AVOID WITH OR AGAINST
Beyond this piece of legislation, I’d like to make the additional point that viewing the discussion through the prevailing lens of, “you’re either with us or you’re against us,” does a disservice to both the complex nature of policy-making and to the average citizen. The situation is not “good vs. evil” or “pro-police vs. anti-police.” Let’s judge policy on its own merits and not on its suggested symbolism. No law will solve every problem, and viewing it as such is dishonest, especially when the bigotry we all despise is rooted more in culture than in law.
THE WAY WE SEE POLICE
Furthermore, we need to stop generalizing the “police” as an institutional enemy, saying phrases like “all cops are bad,” or advocating for legislation that attacks the very same police officers who have diligently served our town for decades; this is both disingenuous and entirely counterproductive in the pursuit of meaningful change.
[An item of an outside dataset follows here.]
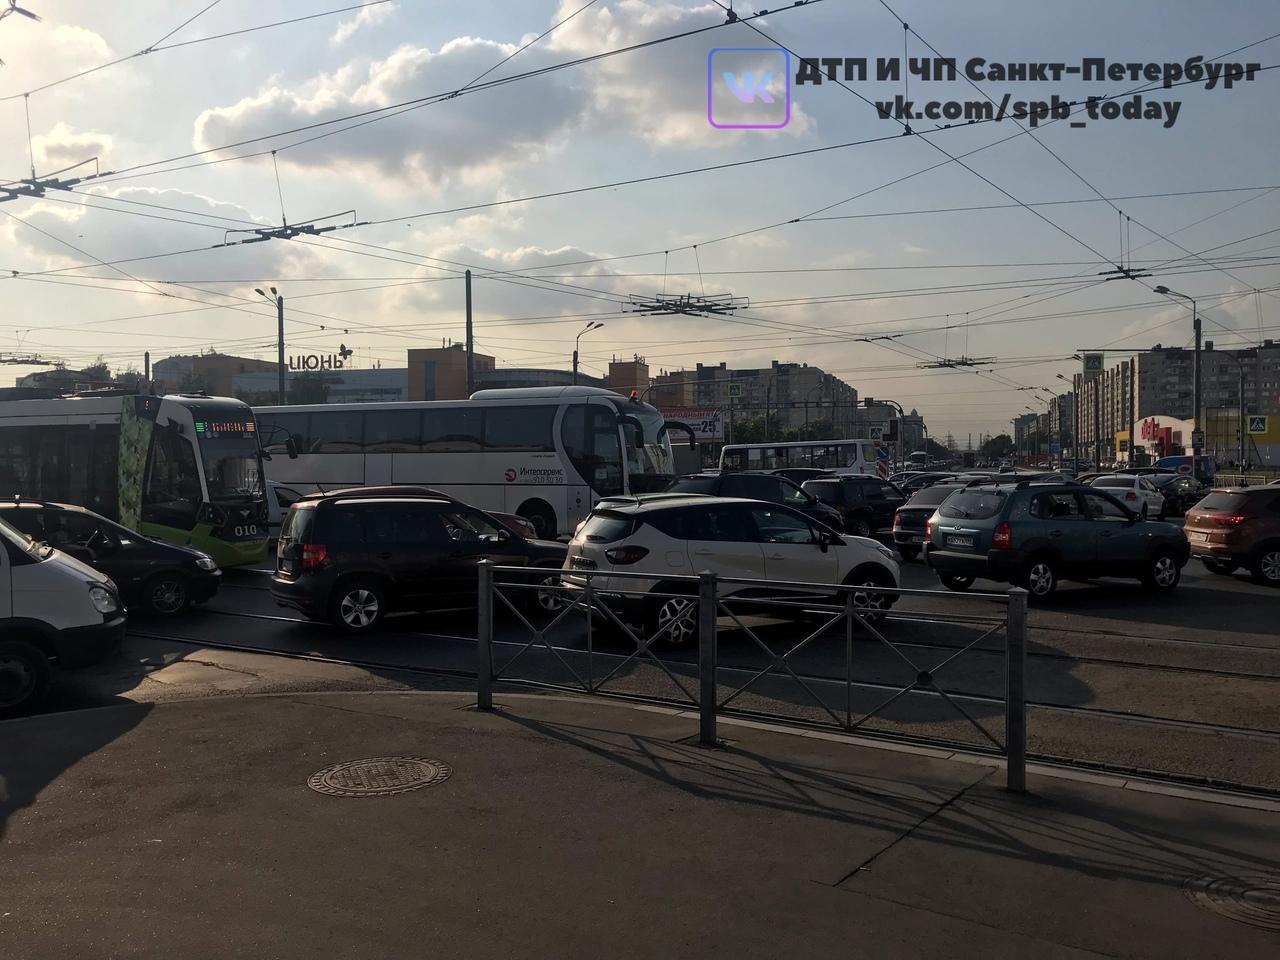 На перекрестке Косыгина и Индустриального не работают светофоры. Начинается хаос. И дтп с трамваем т...

There ARE communities in this country (and state) where police corruption and abuse of power run rampant; there is no doubt about that. But, Greenwich, CT, is not one of those communities, and our officers should not be punished because of issues that exist in other communities across the nation. A top-down crackdown on police is considerably less productive (and less genuine) than a grassroots movement coming from the communities that they serve. Hence, for the last time, we need to look at these specific issues through the proper bottom-up lens of policy-making; only when our problems are addressed on a community-by-community basis will each issue get the specific treatment it needs.
There are 41 distinct sections to this bill, and only two of them are problematic. Let’s not ruin the entire piece of legislation because there are disagreements on a few points. This legislation, even without the two problematic provisions, is ground-breaking in ensuring our police departments and our communities are given the proper attention during these trying times. But, we still have a long way to go in the pursuit of social justice and we’re only just getting started.
Zane Khader, the immediate past president of the Greenwich High School student body, wrote this piece in conjunction with Joe Kelly, candidate, 150th District.